This project is my first attempt at learning and applying the concepts of data engineering to solve a real-world problem. Since I commute daily using the M13 tram in Berlin, I wanted to analyze its operational efficiency and make data-backed decisions regarding my travel. I discovered an amazing BVG REST API built by Jannis (@derhuerst), which is a wrapper around the BVG HAFAS API, and used it as the data source for this project.
This project aims to:
- Understand the operational efficiency of tram line M13.
- Learn and apply data engineering concepts by creating a data pipeline.
- Generate insights that can answer specific questions about tram performance.

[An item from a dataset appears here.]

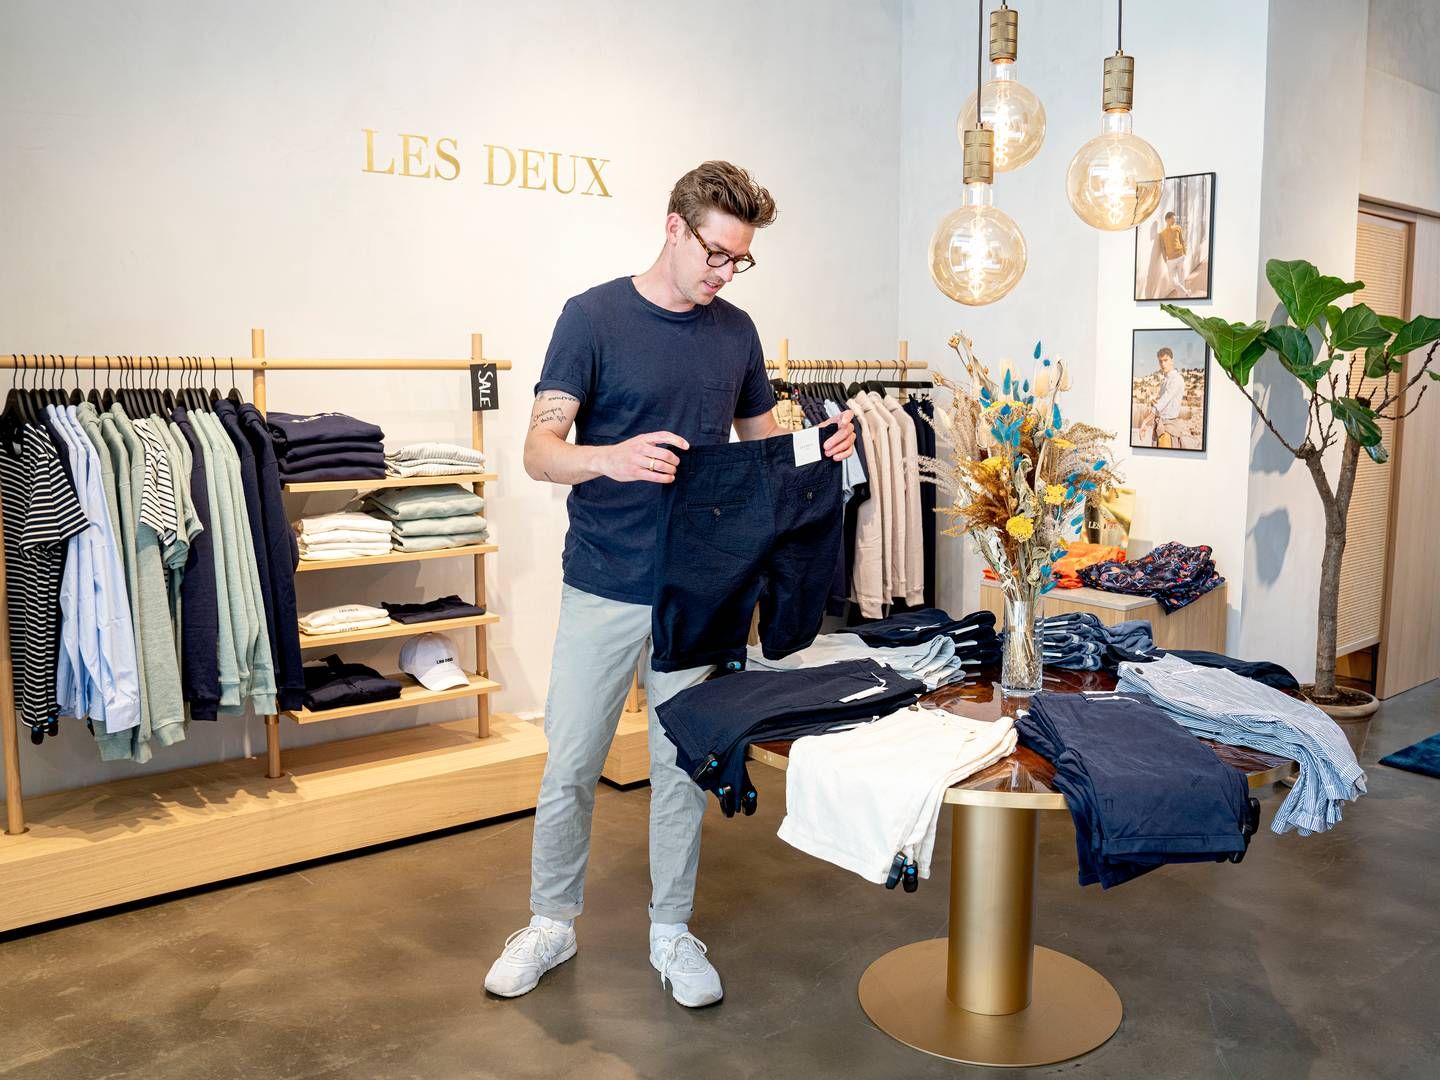 Andreas von der Heide er en af de to stiftere, som i 2021 solgte aktiemajoriteten i modevirksomheden Les Deux til det svenske investeringsselskab Röko. Ifølge DetailWatch betalte Röko et trecifret millionbeløb for en ejerandel på omkring 60 pct. | Foto: Stine Bidstrup

- On average, how punctual is tram M13 at the stations of interest:
- Schönhauser Allee/Bornholmer Straße
- Antonplatz
- What is the total number of trips per day for tram M13?
- How many trips arrived or departed late at the stations of interest?
The data pipeline fetches, processes, and stores tram data from the BVG REST API.
- API: BVG REST API by Jannis (@derhuerst).
- Stations of Interest:
- Schönhauser Allee/Bornholmer Straße
- Antonplatz
- Endpoints Used:
- Departures (
/stops/:id/departures
) - Arrivals (
/stops/:id/arrivals
)
- Departures (
- Extract relevant details for tram M13, such as:
- Trip ID
- Line
- Direction
- Scheduled and Actual Arrival/Departure Times
- Delays
- Calculate delays and classify trips as punctual or late.
- Processed data is converted into Pandas DataFrames.
- Saved as Parquet files in an S3 bucket for efficient storage and retrieval.
- Filenames include station name, endpoint (departures/arrivals), and timestamp.
- Scheduler: Since the project uses a small EC2 t2.micro instance (1vCPU, 1GB RAM), I implemented a cron job scheduler instead of heavier solutions like Airflow or Mage.
- Data is fetched and processed at regular intervals to maintain up-to-date information.
In the next phase of this project, I plan to:
- Transform the Parquet files to create a more analysis-friendly format.
- Enable a data analyst (me in this case) to easily answer the defined questions.
- Explore adding dashboards or visualization tools to present the insights in a user-friendly manner.
Thanks to @derhuerst for creating the BVG REST API wrapper!